- PROVIDED RECORDS -
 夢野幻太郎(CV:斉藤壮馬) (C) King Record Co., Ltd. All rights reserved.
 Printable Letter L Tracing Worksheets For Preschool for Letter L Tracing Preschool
==
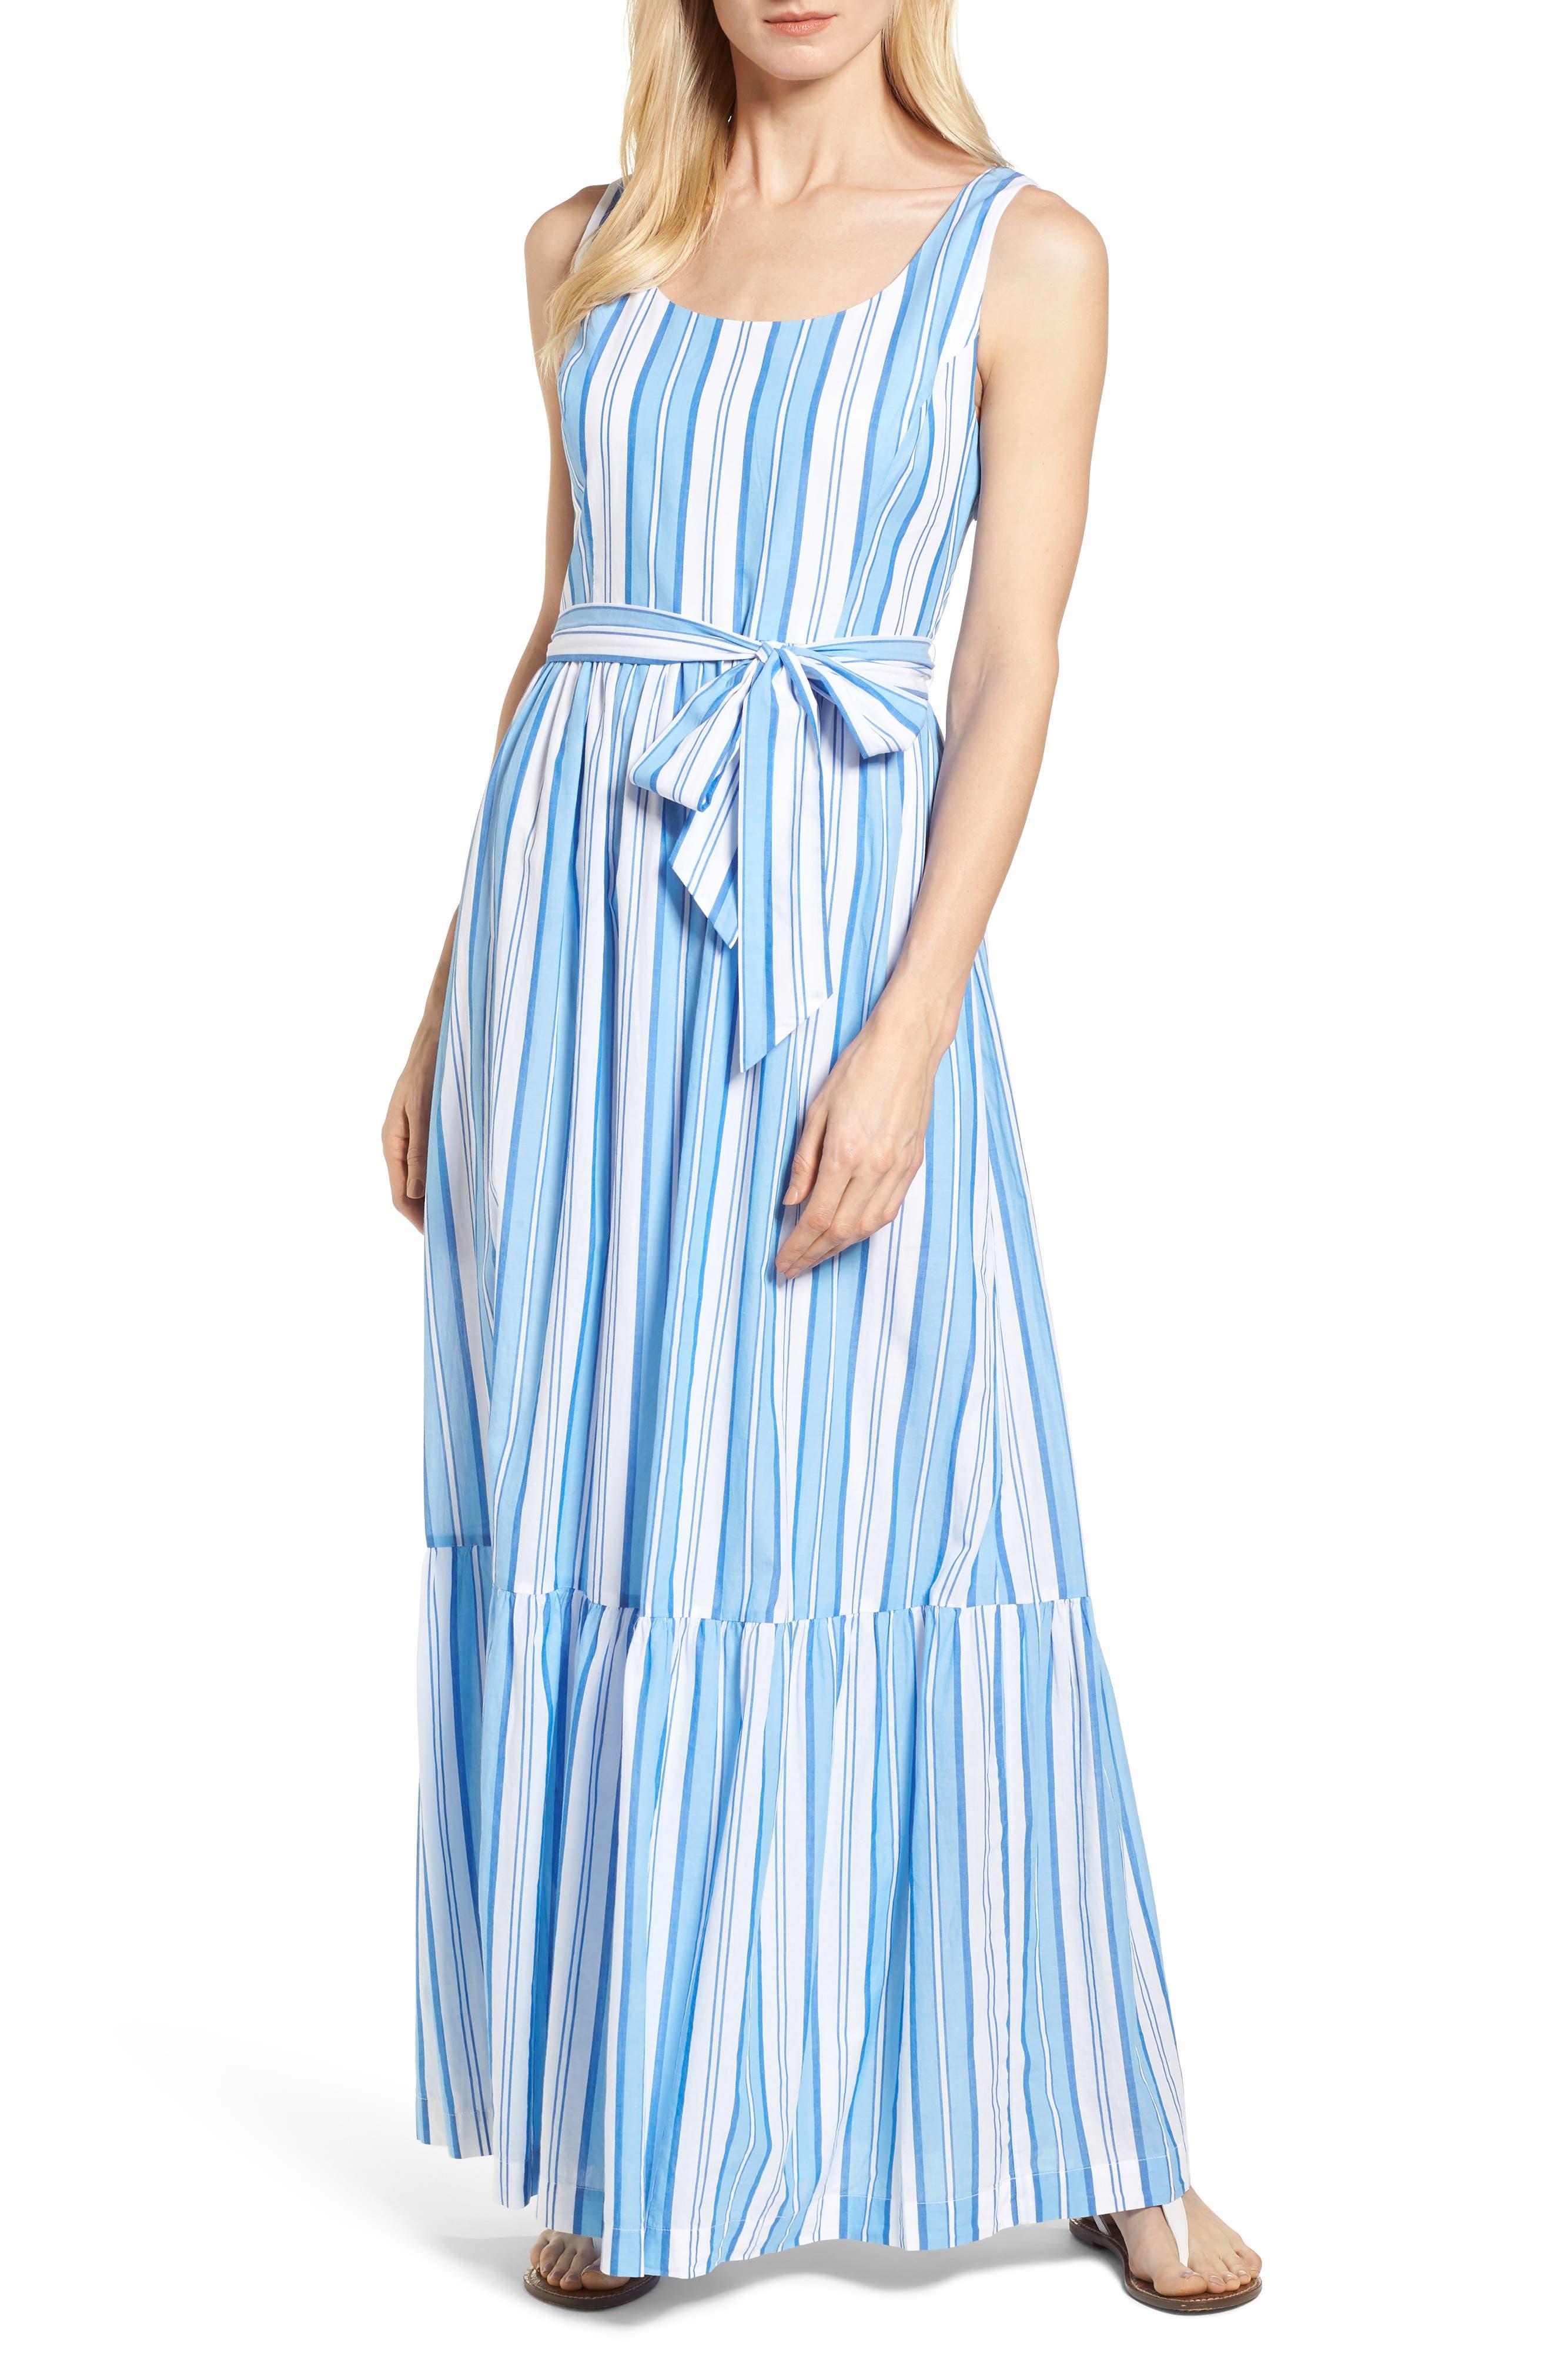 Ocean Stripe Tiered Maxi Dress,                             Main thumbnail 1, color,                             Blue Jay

- DIRECTIONS FOR THIS TASK -
Copy the records above exactly, beginning at the line that contains "夢野幻太郎(CV:斉藤壮馬) (C) King" and stopping after the line that contains "Printable Letter L".

- ANSWER SECTION -
 夢野幻太郎(CV:斉藤壮馬) (C) King Record Co., Ltd. All rights reserved.
 Printable Letter L Tracing Worksheets For Preschool for Letter L Tracing Preschool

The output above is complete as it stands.